CA - Near Coasts, Rising Seas Could Also Push Up Long-Buried Toxic Contamination
Marquita Price grew up spending lots of time at her grandmother's one-story lavender house in Deep East Oakland.
It's a place she's always considered home, and where her grandmother still lives. So Price, an urban planner, was upset to learn about a lesser-known aspect of climate change fueled by sea level rise: it could cause the groundwater beneath this formerly-industrial community to rise, and wreak slow-motion havoc in the process.
"How is that going to affect my family?" Price thought. "And my community and the assets that we worked so hard to hold?"
For many Bay Area residents who live near the water's edge, little-publicized research indicates groundwater rising beneath their feet could start to manifest in 10-15 years, particularly in low-lying communities like Oakland. And that could resurface toxic substances that have lingered for years underground.

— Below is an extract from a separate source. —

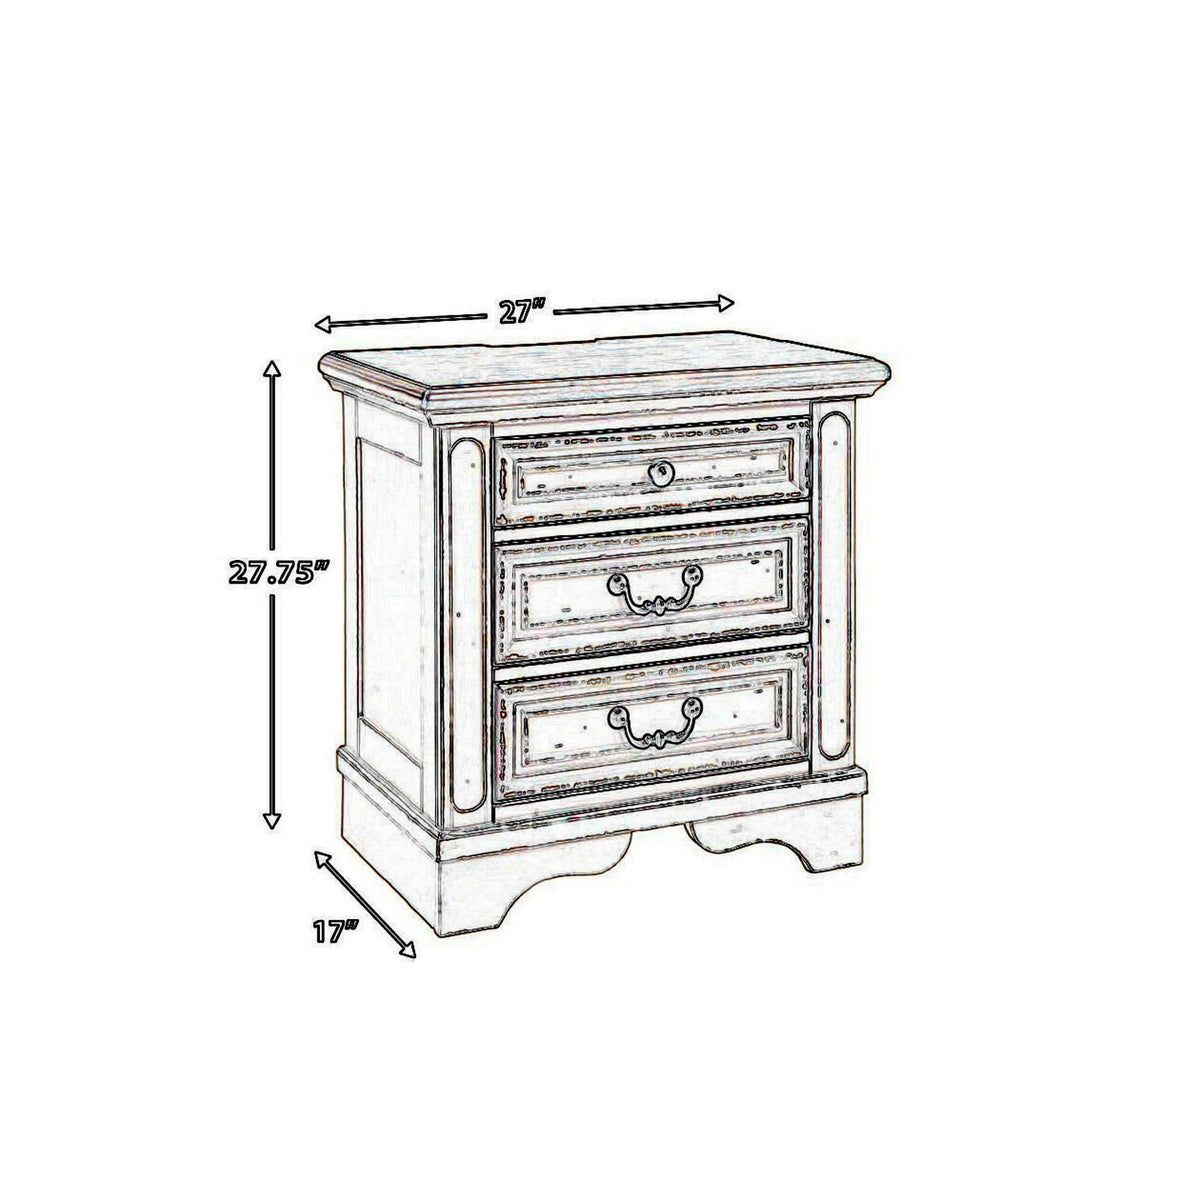 3 Drawer Rectangular Wooden Desk with Block Leg Support in White - BM204149

"Everything human beings use, they spill," says Kristina Hill, an associate professor at UC Berkeley's College of Environmental Design, who researches adapting urban areas and shoreline communities to climate change. The overflow includes "everything we've used in the last hundred and fifty years."
That's a lot of things in the Bay Area, which is rife with industrial sites new and old. In East Oakland, industry boomed in the early 1900s as lumber yards, canneries, rail depots and foundries sprung up. It was a long time before governments enacted major environmental regulations, starting in the 1960s. "Through the entire postwar and World War II-era, stuff got dumped informally," Hill says.